I was immediately put to sleep.

I woke up two hours later to see my first born son by my side. I had missed his first breaths, his first cries. I had always dreamed of seeing and feeling a baby born – and I missed my very first experience.

Today Ayden is an active and passionate child. After myself and his father divorced – Ayden began living full-time with his daddy and not me. As heartbroken as I was – it’s the way things were at the time, and still are, 3 and a half years later after the separation.

I now have 3 children total. Ayden, his sister Mina who is 4, and my son by my now husband – Jonah is 10 months old. Ayden and Mina come for visits every other weekend for two days. I cherish these moments with their precious hearts – the way they reach for me.

My first encounter with a person this morning was, in fact, with my son, Ayden. He has always loved to sleep near me since he was 7 months old. The past years without being able to do so on a daily basis has been difficult for him. This morning I found myself at the foot of my Queen bed – Ayden’s feet in my face while I was in a fetal position trying to remain comfortable. Both him and his sister had wet the bed.

In an attempt to clean this while sleepwalking I apparently changed both of them, but left a towel underneath instead of changing the sheets. I giggle snorted a bit waking up with his feet in my face, while my legs were hovered over the side of the bed – feet curled in a painful position. My back was cracking, aching – my neck was stiff, and my head felt like I had taken a few blows from Mike Tyson.

Yet as I awoke and turned to move his feet – his little face was staring back at me.

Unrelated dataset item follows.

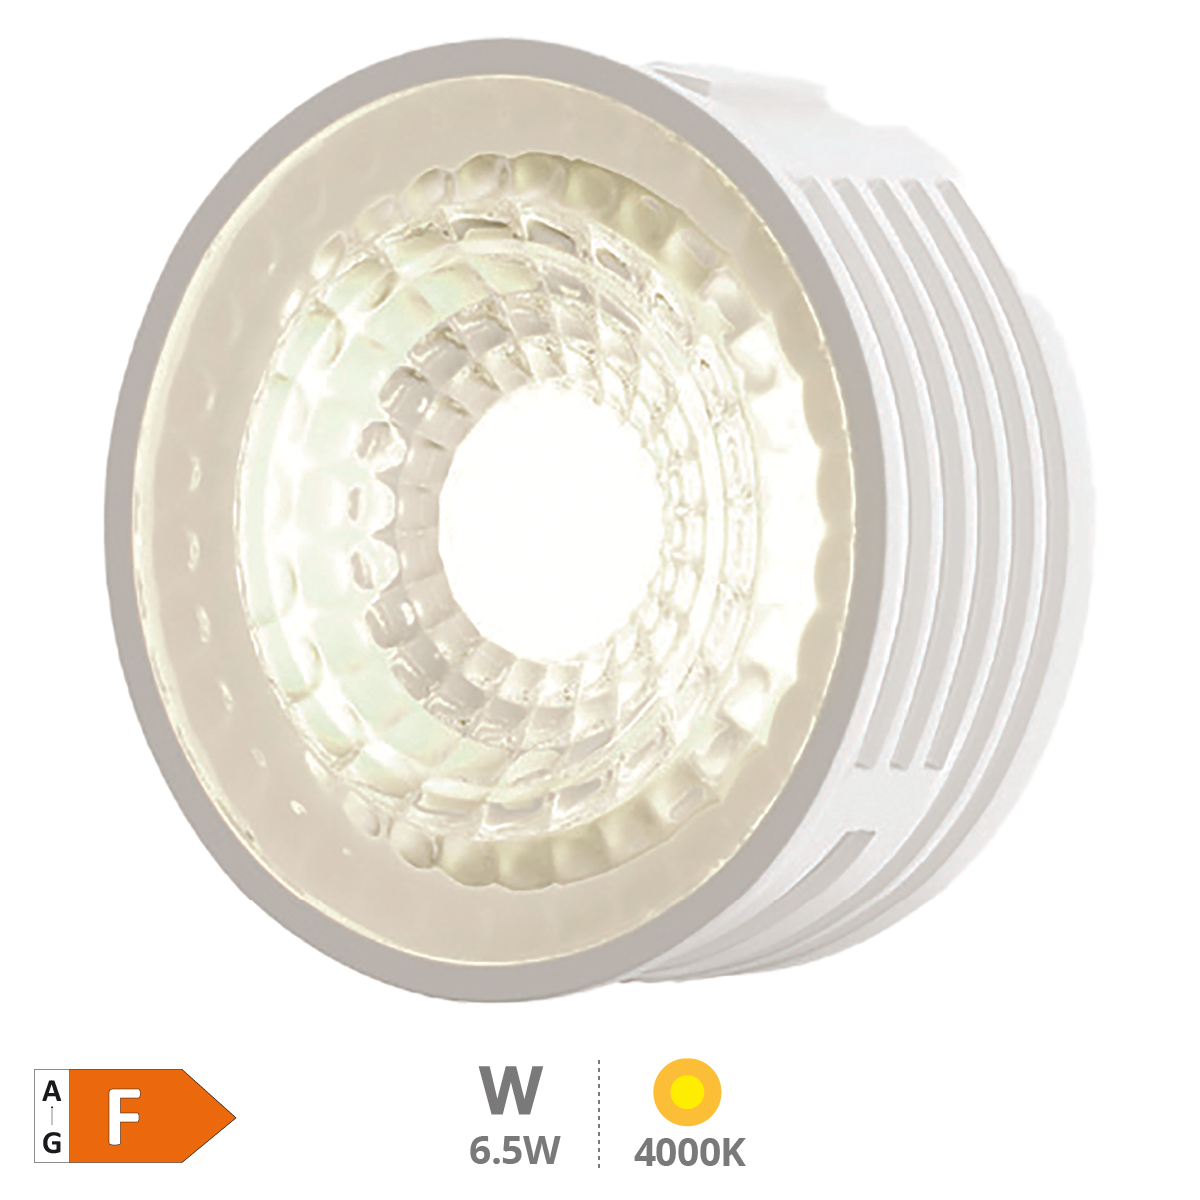 LED module for recessed lighting fixtures 6,5W 60º 4000K
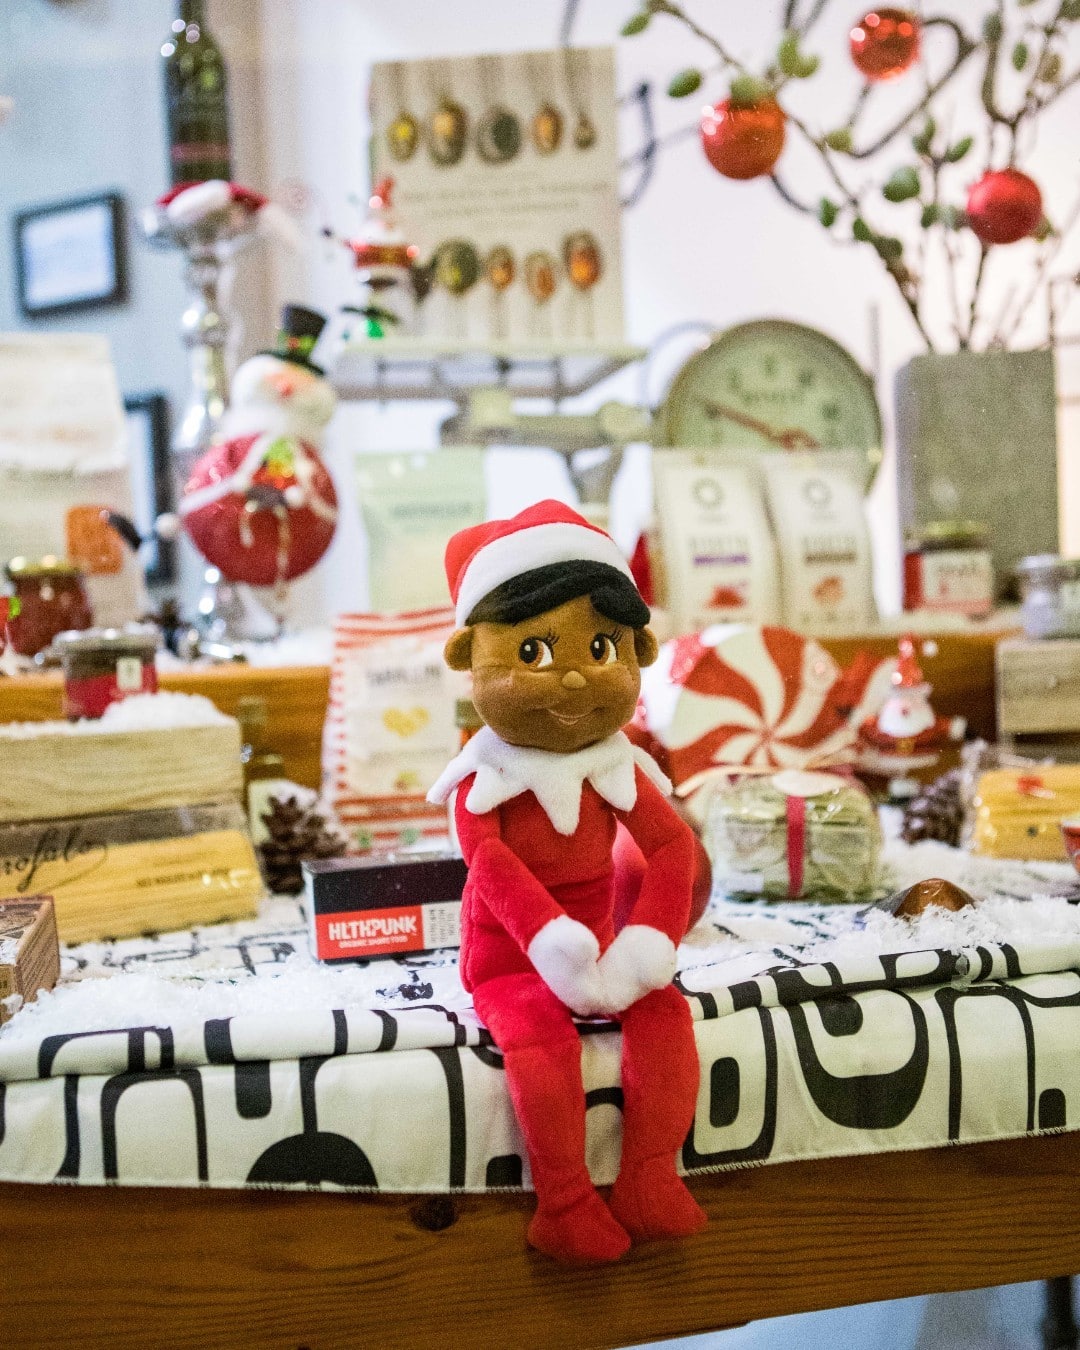 How many hidden elves have you found around the neighborhood? Participate in our Elf Scavenger Hunt now through December 16 for a chance to win a $100 gift card to the Ward Village store or restaurant of your choosing! Click the link in our bio for all the details.

“May I have Fruity Pebbles?” he asked.

“What time is it?” I grumbled.

He picked up my phone, turned it on, and in his smart – 1st grade voice – retorted “it’s 7:30. I’m hungry. You’re sleeping late.”

I remember laughing that deep, low sneer of mine that I often do when I’m being sarcastic. Yes, I wanted to sleep late, as a parent – he’s right, the kid is a smart dude, 7:30 is late.

“Sure, sweetheart. You may have some Fruity Pebbles.”

He smiled. He grabbed his sister in excitement and told her he would be back with their favorite breakfast and they would then choose a movie to snuggle up with mommy and watch.

It’s those moments I cherish, I thought. Despite being tired, having missed a dose of my medication, hardly slept at all without being overwhelmed with the scent of urine and dirty socks …

I woke up to my baby – the baby boy that I never heard his first cries, or saw his first breath – and I was never the first person to hold him.

But I will always be his mommy – and when he came back up with his Fruity Pebbles, he grabbed me and hugged me.

“I love you, Mommy.”

“I love you too, buddy.”

He knew that the moment he popped out – even if it wasn’t my words that he heard first. Mine will always mean the most – even if it’s simply a “yes, sweetheart” – when asking for his favorite cereal. These are cherished encounters.